My query is now answered. Kindly do not think that anyone is abusing the other. You all have been kind enough to post the answers.
Hats off to you guys.
A short intro of mine.
I am a embedded hardware design engineer for automotive electronics working at Infosys Technologies LTd, India. Working on electronics and circuit design, i wanted to try my hands on the software part of it.So I am trying my hands on Philips P89C51RD2BN uC on a evaluation board. Trying to learn each peripheral one by one. I have written a driver for the UART as of now. AM planning to write all drivers first and then write a mini RTOS for my kit.
If you GURUs can guide me in my voyage to master the art of programming the hardware. I would be realy grateful to you.
Best Regards, Mrunmoy.
"guide me in my voyage to master the art of programming"
Fundamental to this is a thorough reading of the Manuals for the tools, and the Datasheets for the devices. You cannot hope to get anywhere by skimping on these.
I have written a driver I hope this is language confusion.

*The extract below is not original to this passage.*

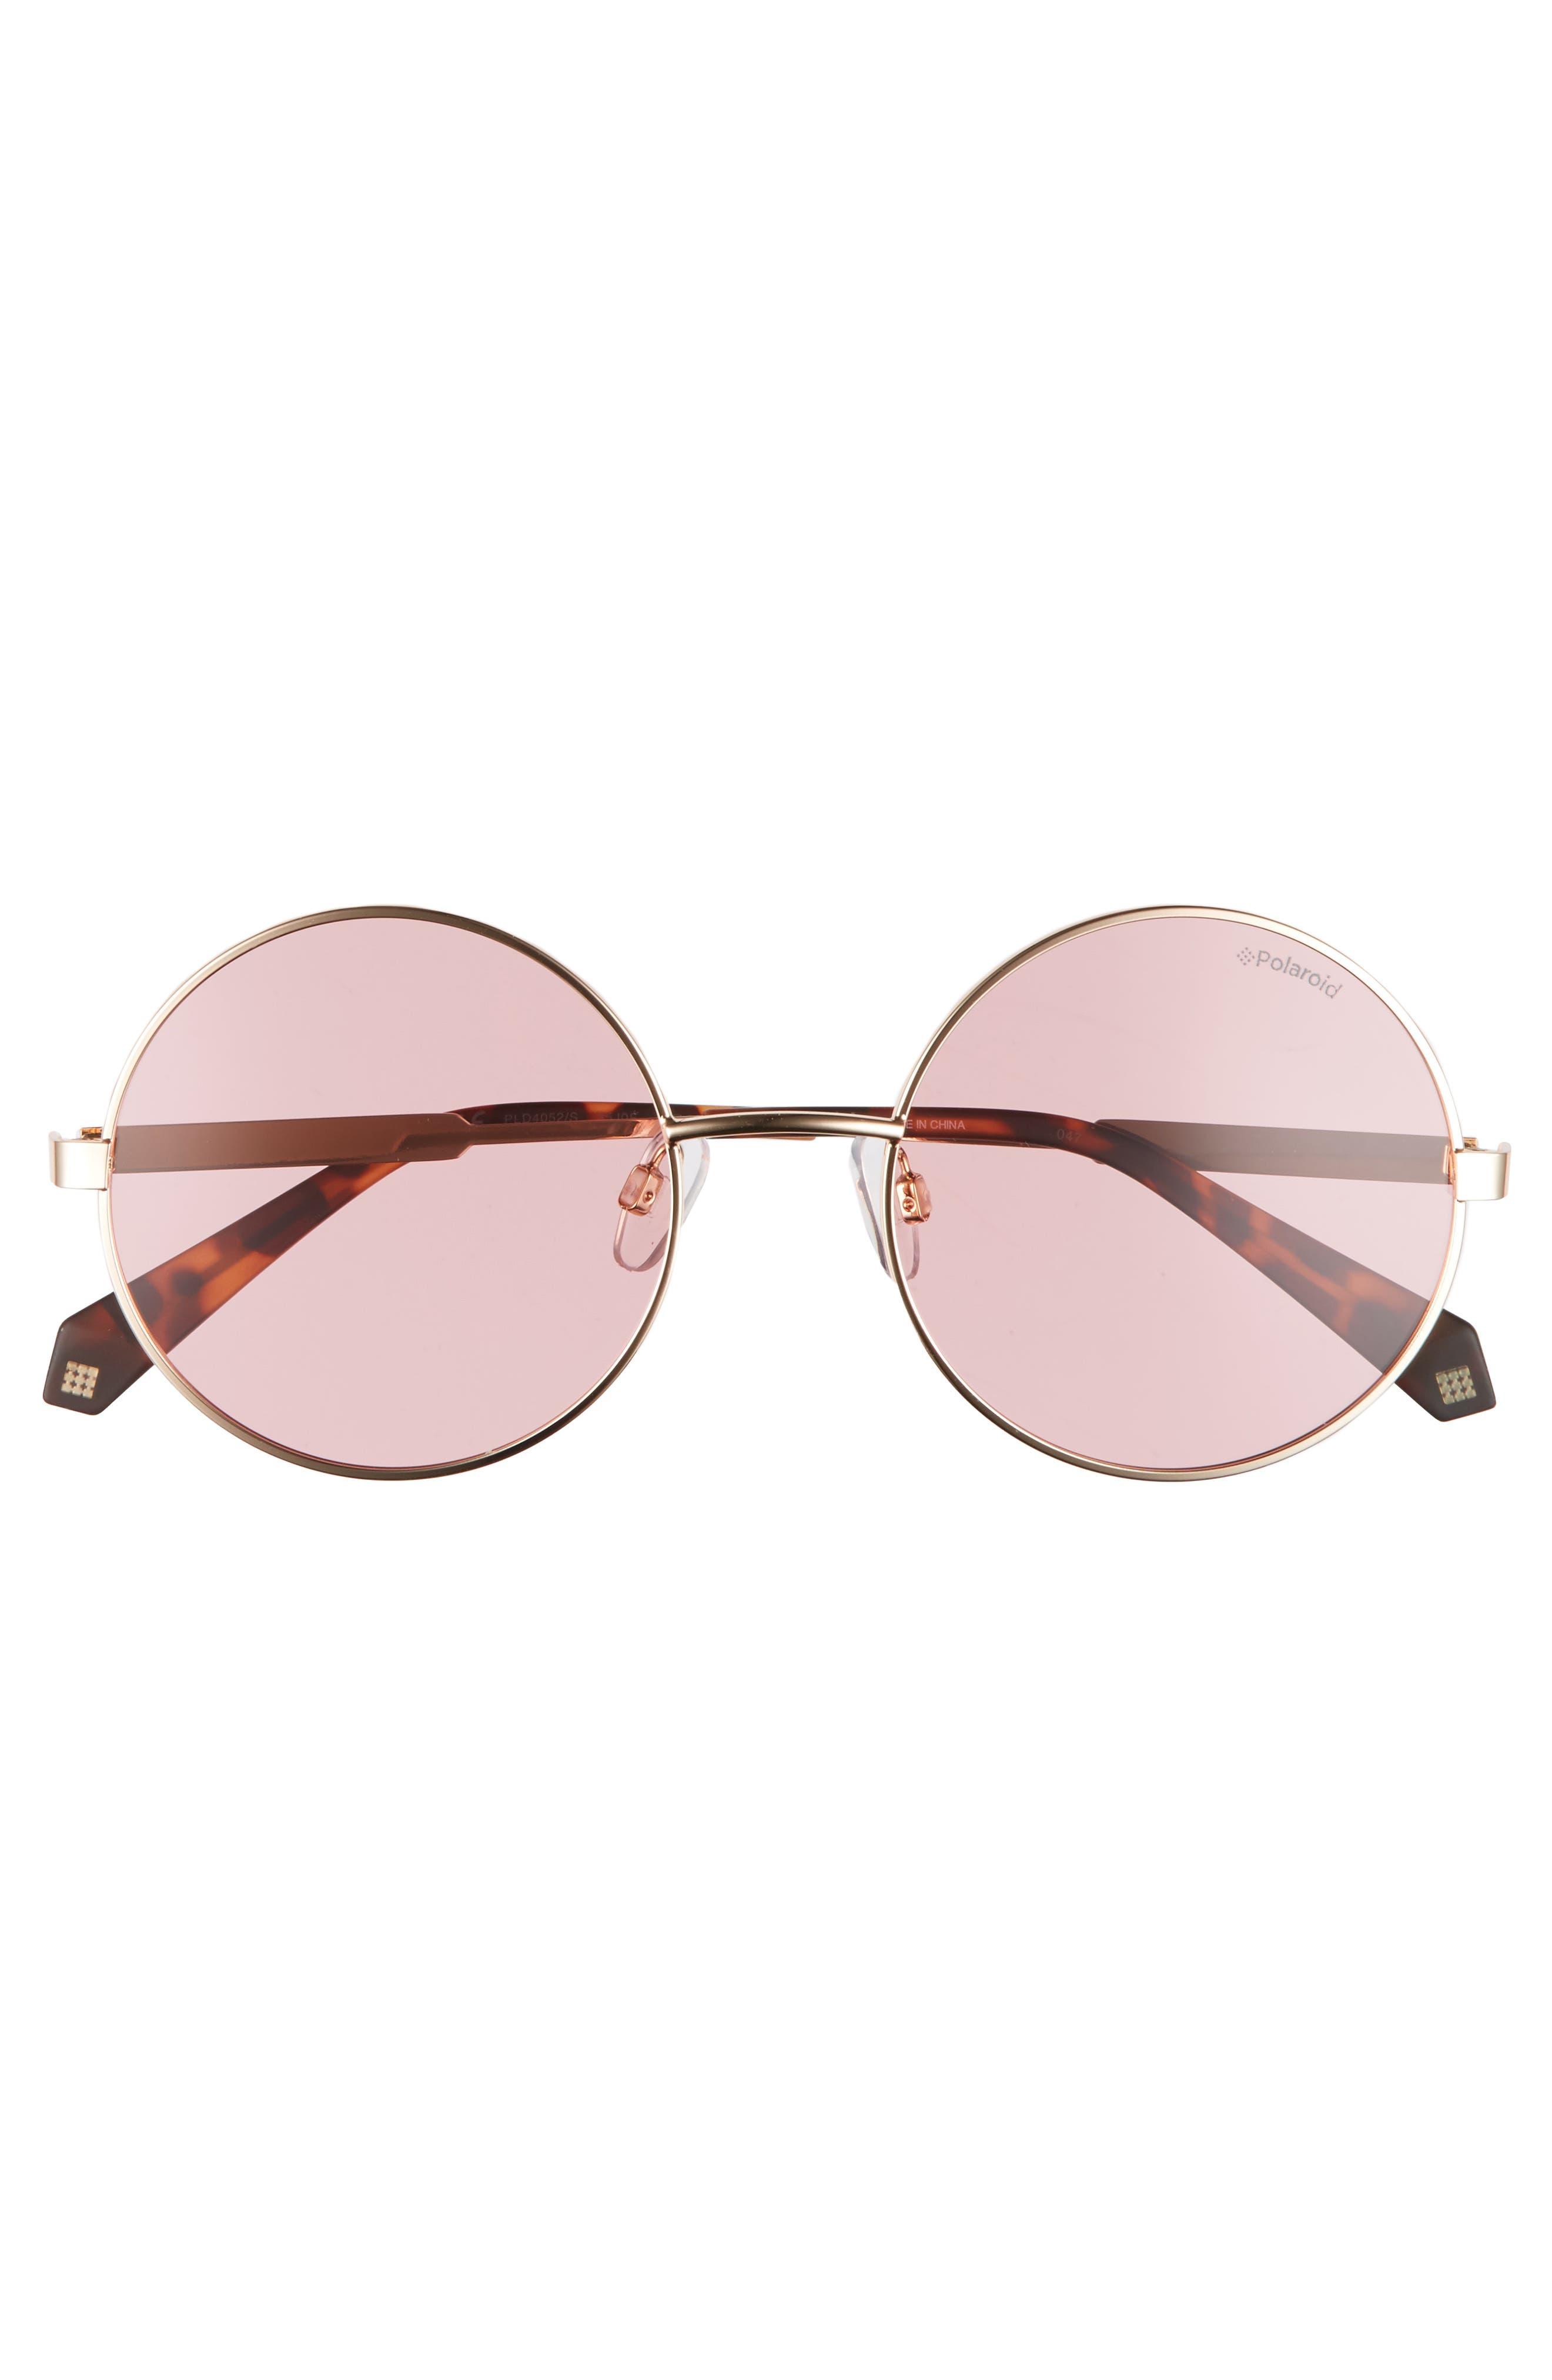 55mm Polarized Round Sunglasses,                             Alternate thumbnail 11, color,
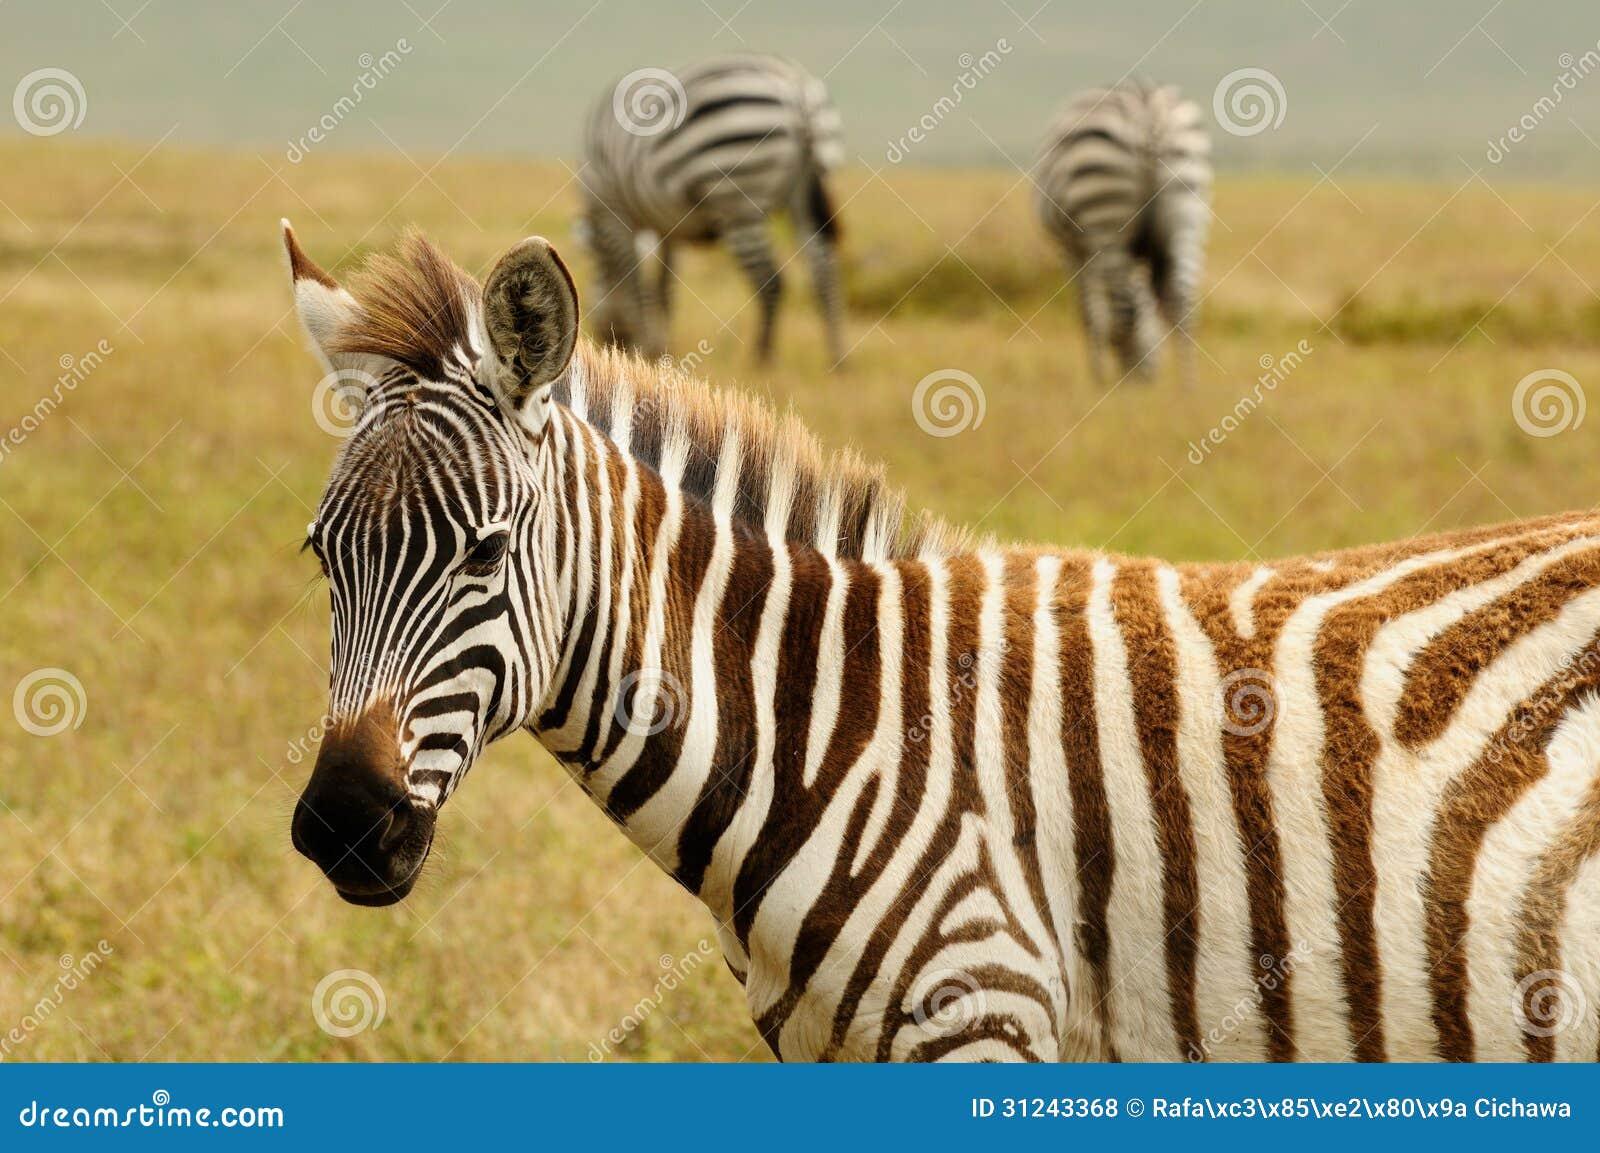 wild lebende tiere in afrika stockfoto bild 31243368. Black Bedroom Furniture Sets. Home Design Ideas

If you are working from a book that talks about 'device drivers' either switch to another processor or throw the book away.
however if what you mean is "I have succesfully done output and input" cudos to you
"AM planning to write ... a mini RTOS for my kit."
Writing an RTOS is not a project for a novice!
You need to develop your basic firmware skills before you start thinking about RTOS! :-0
"and then write a mini RTOS for my kit."
An RTOS for the 8051 is far from simple.
This is a recurrent theme for developers. It's a worthy one, but you should probably first acquire some background on realtime processing distribution theory.
The design task of distributing the processing units of a given system is not simple, and any architecture has its compromises. You have to put the compromises and limitations of your particular platform in perspective before blindly taking a design path.
Pseudo-multitasking is used in all serious realtime embedded systems, implemented in many forms. Amongst the many architectures, you can pick a cooperative multitasking approach versus a preemptive RTOS, or multithreading RTOS.
A cooperative multitasking system can be very easily produced, and depends only on the architecture of your single C program, not to mention that a well designed coop loop is always faster than any RTOS-based app.
An RTOS, on the other hand, must provide an individual runtime environment for each running thread. This involves a massive retargeting of the CLib routines, possibly a re-implementation of many of them, and a significant amount of context saving/restore for the thread context switch, not to mention that it requires significant amount of RAM only to maintain the state of each thread. A 'real' RTOS, even when based in a nanokernel, will eat a significant share of your available processing bandwidth, depending on the processor platform. IMHO, in the 8051 specifically, this amount is prohibitive. In my experience, I never used or saw a decent RTOS that was clearly superior to a well balanced mixed coop/interrupt approach for a real product.
An RTOS for the 8051 is far from simple. and the architecture of the '51 makes the overhead horrendous. The '51 probably is the single most awful choice for a multitasking OS.
you say you are a novice, did you get a book by some PCidiot "you must have device drivers, you must have an OS, you must screw up your system"?
DO NOT confuse small embedded with "PC programming"
Pseudo-multitasking a.k.a. the workloop, I hope.
"the architecture of the '51 makes the overhead horrendous. The '51 probably is the single most awful choice for a multitasking OS."
Agreed totally. Interestingly, the 'banked' core registers are described in the Intel original datasheets as to be designed for easy context switching for a multitasking system. Of course, it takes much more than a cpu context switch to do multitasking. One of the reasons why all '51 RTOSes suck is that the full context switch is sluggish when compared to the same '51 core running a light event-driven loop (or workloop, as Erik mentioned). And the memory overhead taken by the true-reentrant code needed by thread-safe library is absolutely prohibitive when compared to the heavily overlaid memory of a single thread system.